Choose a name and region for your bucket. For the bucket name choose a descriptive name, bucket names need to be unique across aws regions, so you might need to give it a couple of tries. For the region, choose the closest one to you. Leave everything else with the default settings and click on “Create bucket” at the bottom of the page.
Note: You don’t need a new bucket for this, in my case I have a bucket that I use for miscellaneous things and just use a different root for each use case.

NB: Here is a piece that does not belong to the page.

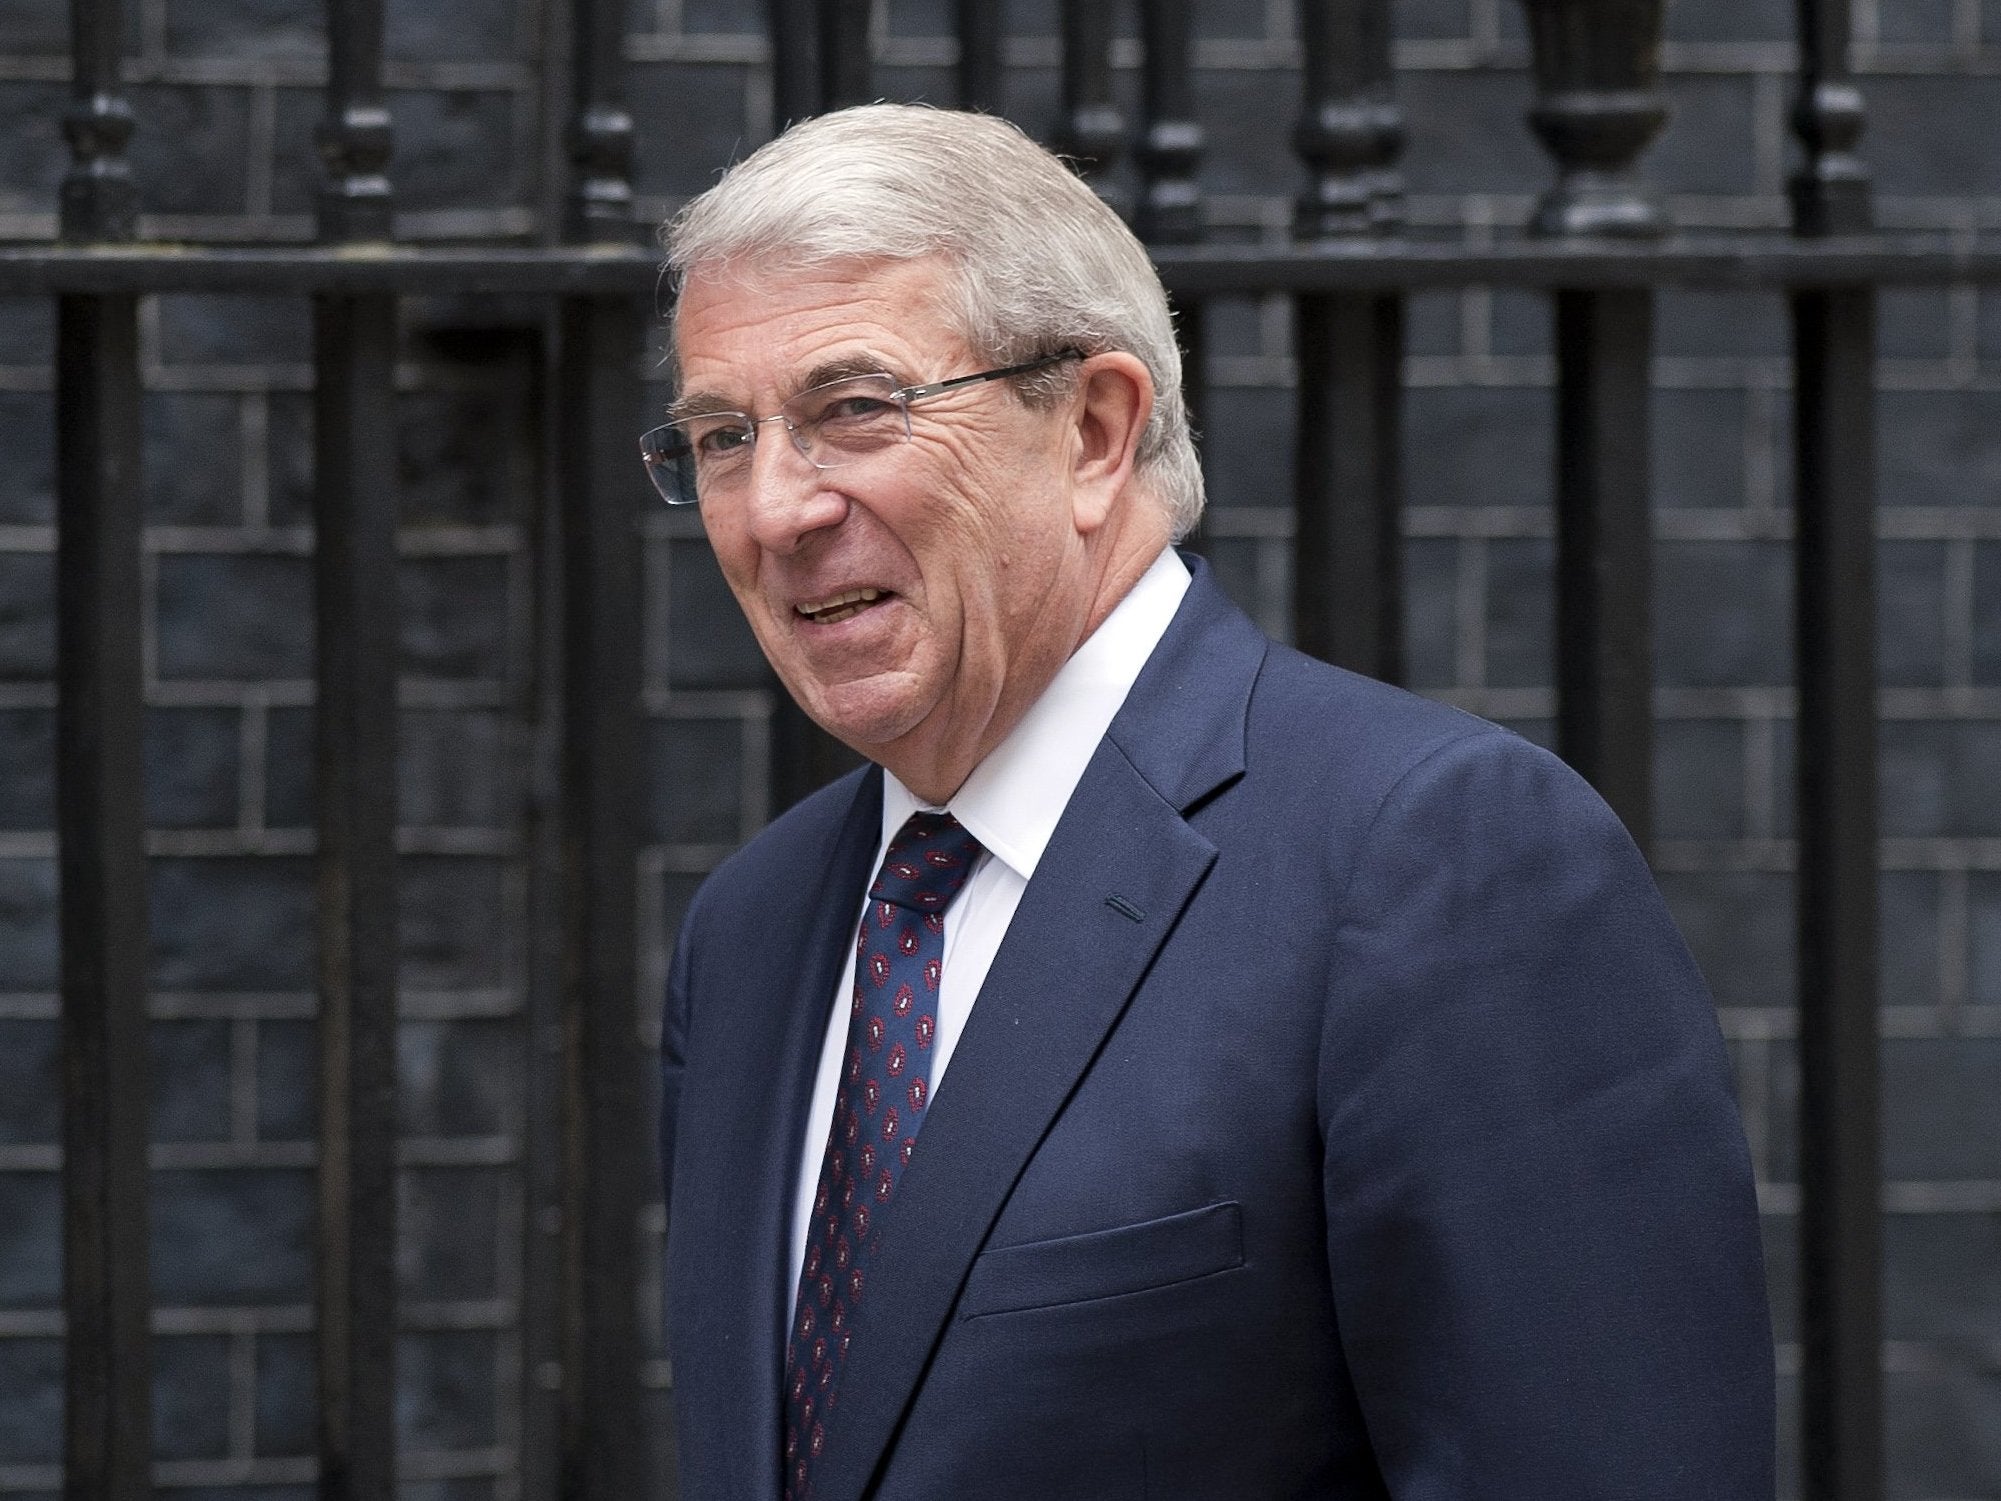 ‘We are a vital part of the wealth-creating machinery,’ says BAE Systems chairman Sir Roger Carr

Create an aws user to access the bucket
Navigate to the IAM console, in the side menu there’s an “Users” menu item. Once there click on the “Add users” button.
Give your user a memorable name and only enable programmatic access. Click on the “Next: Permissions” button.

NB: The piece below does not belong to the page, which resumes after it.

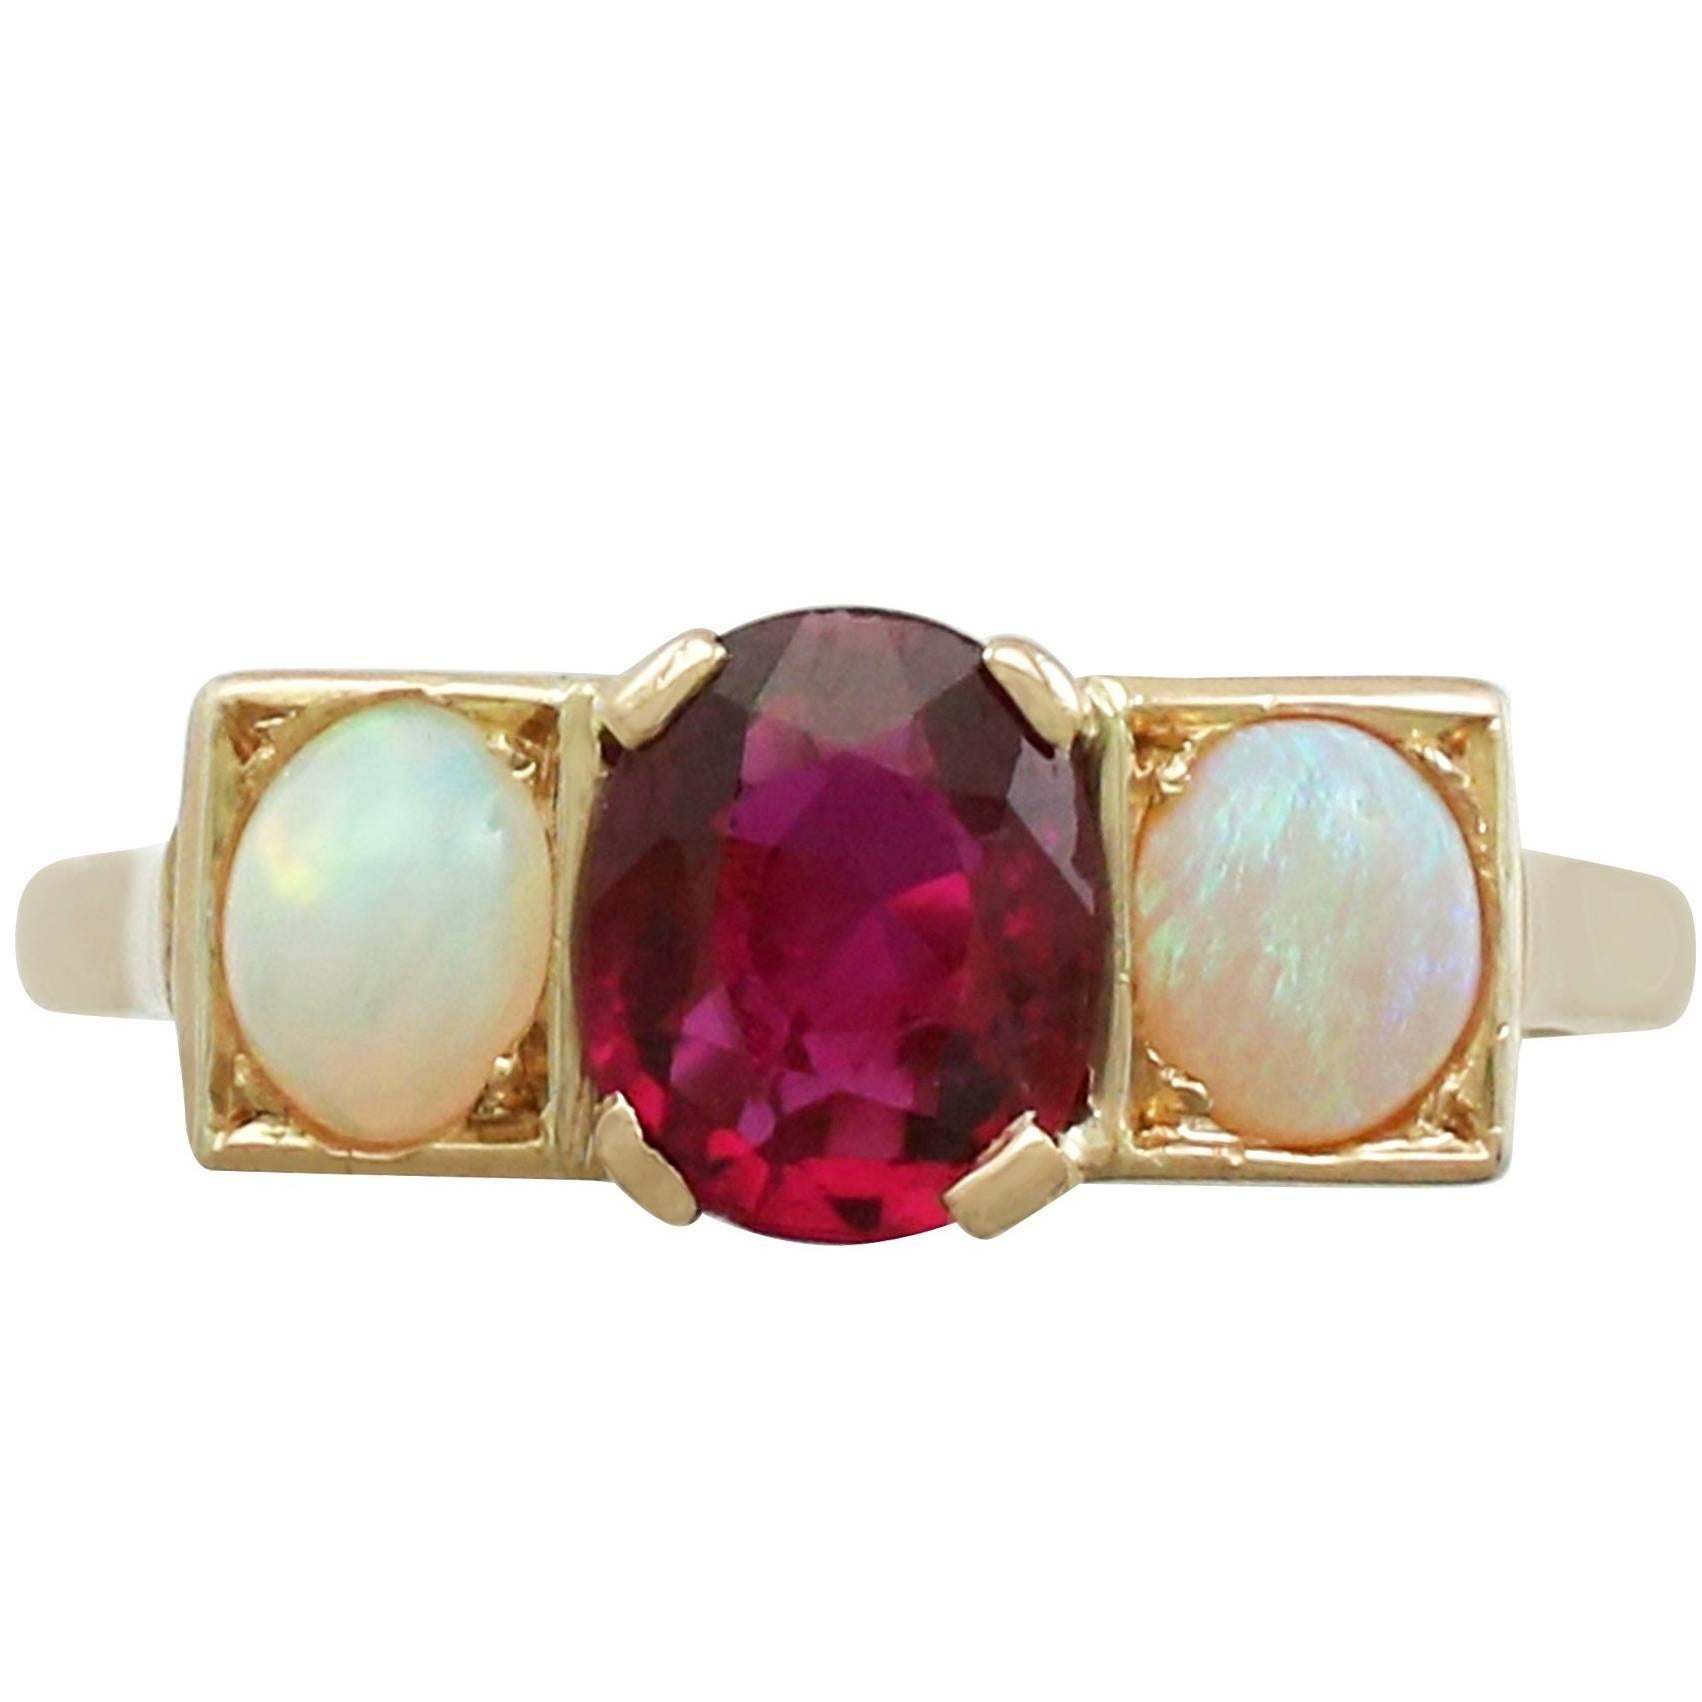 Vintage French 1.86 Carat Ruby and Opal 18 Karat Yellow Gold Dress Ring

Next we’ll setup the user permissions, in the second step clik on “Attach existing policies directly” to choose a policy to attach, there is no policy yet, so we’ll need to create a new one. To create it click on the “Create policy” button, this opens a new tab.
In the new tab that was opened click on the “JSON” tab to define the new policy using JSON. Paste the following text and don’t forget to change the bucket name for your bucket name:
{
"Version": "2012-10-17",
"Statement": [
{
"Effect": "Allow",
"Action": [
"s3:PutObject",
"s3:GetObject",
"s3:ListBucket",
"s3:DeleteObject"
],
"Resource": [
"arn:aws:s3:::YOUR_BUCKET_NAME/*",
"arn:aws:s3:::YOUR_BUCKET_NAME"
]
}
]
}
This policy ensures that the user only has access to the bucket of your choosing.
Click on “Next: Tags” and optionally add tags to identify the policy. After That click on “Next: Review” to finish configuring the policy. Choose a name and optionally add a description to your new policy.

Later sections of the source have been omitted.